Allahabad High Court High Court

Municipal Board, Mathura vs Abdul Hameed And Anr. on 22 September, 1972

Allahabad High Court
Municipal Board, Mathura vs Abdul Hameed And Anr. on 22 September, 1972
Equivalent citations: AIR 1973 All 200
Author: S Chandra
Bench: S Chandra, N Ojha


JUDGMENT

Satish Chandra, J.

1. The Municipal Board has come up In appeal against the decision of a learned Single Judge allowing a writ petition and striking down a bye-law framed by the appellant imposing a total ban in regard to the slaughter of animals. This bye-law was quashed by the learned Single Judge in so far as it related to the she-buffaloes, buffalo bullocks and buffalo-calves. The bye-law was primarily held invalid in view of the Supreme Court decisions in Mohammad Hanif Quareshi v. State of Bihar, AIR 1958 SC 731 and Abdul Hakim Quareshi v. State of Bihar, AIR 1961 SC 448.

2. The learned Single Judge held that this bye-law was framed in 1955. In view of the decision of the Supreme Court, the total prohibition imposed by the impugned bye-law was violative of the fundamental right guaranteed by Article 19(1)(g) of the Constitution. The appellant does not question the correctness of the view taken by the learned Single Judge on the merits of the bye-law. It was, however, urged that when the writ petition was filed in 1962, there was in existence a proclamation of

emergency. The proclamation was issued in October, 1962. Consequently, there was no bar to the Municipal Board taking an executive action like enforcing the impugned bye-law. Even if the executive action violated Article 19(1)(g) of the Constitution, in view of the existing proclamation of emergency, under Article 358 of the Constitution, the executive action would nonetheless be valid.

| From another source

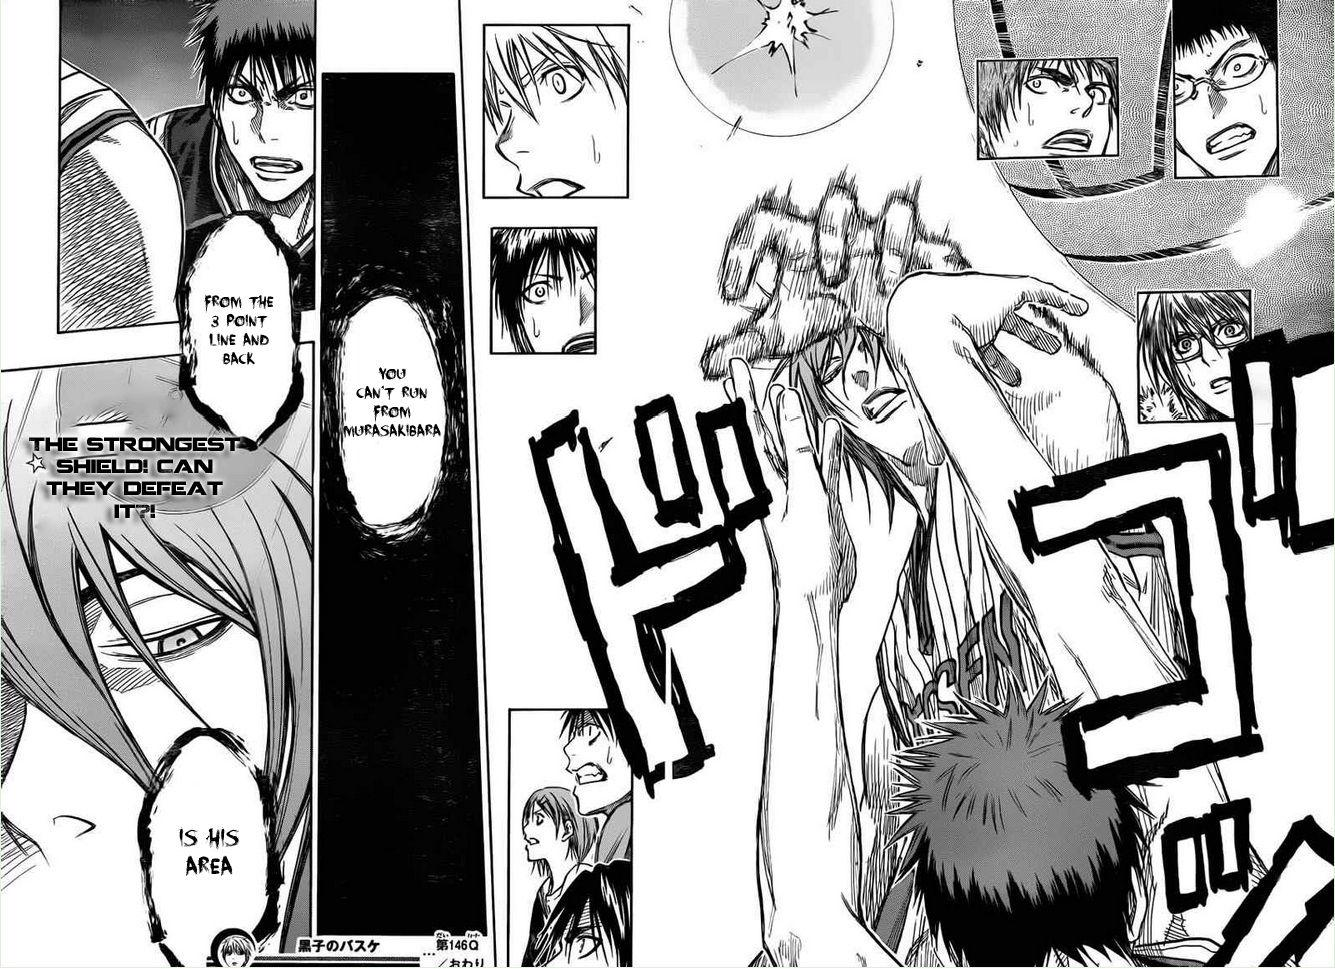 Kuroko no Basket Manga Chapter 146 - Image 17-18

Learned counsel urged that at the present time also, there is in existence a proclamation of emergency, which was issued on 3rd December, 1971, and which is still in operation; the same position obtains even today. We inquired from the learned counsel if any order had been passed under Article 359 of the Constitution. We adjourned the hearing to enable the learned counsel to satisfy himself upon this point. Today, the learned counsel for the appellant stated that no order has been passed under Article 359 of the Constitution.

3. Under Article 358, while a proclamation of emergency is in operation, nothing in Article 19 shall restrict the powers of the State to make any law or to take any executive action which the State would but for the provisions contained in part III be competent to make or to take. The argument is based upon a fallacy. It is true that Article 358 permits the State to make a law or to take an executive action which may be violative of Article 19 and such law or action cannot be challenged on the ground of violation of Article 19. But that is not the case here. The impugned bye-law was framed in 1955 when no proclamation of emergency was in existence. The bye-law being in violation of Article 19(1)(g) was Void at its inception. The result would be as if no such bye-law had been enacted at all. In this background, if the Municipal Board takes any executive action subsequently while a proclamation of emergency it in existence, the executive action being without the authority of law, would be illegal on that ground. For its illegality, the respondent does not have to rely upon Article 19(1)(g). For the appellant, it was not disputed that the Municipal Board had no power to take an executive action of the kind impugned in the present case without first framing a bye-law to sustain such executive action. The position is that there wat no valid bye-law. Consequently, the executive action was without the authority of law and void for that reason.

4. The appeal has no merits and is accordingly dismissed with costs.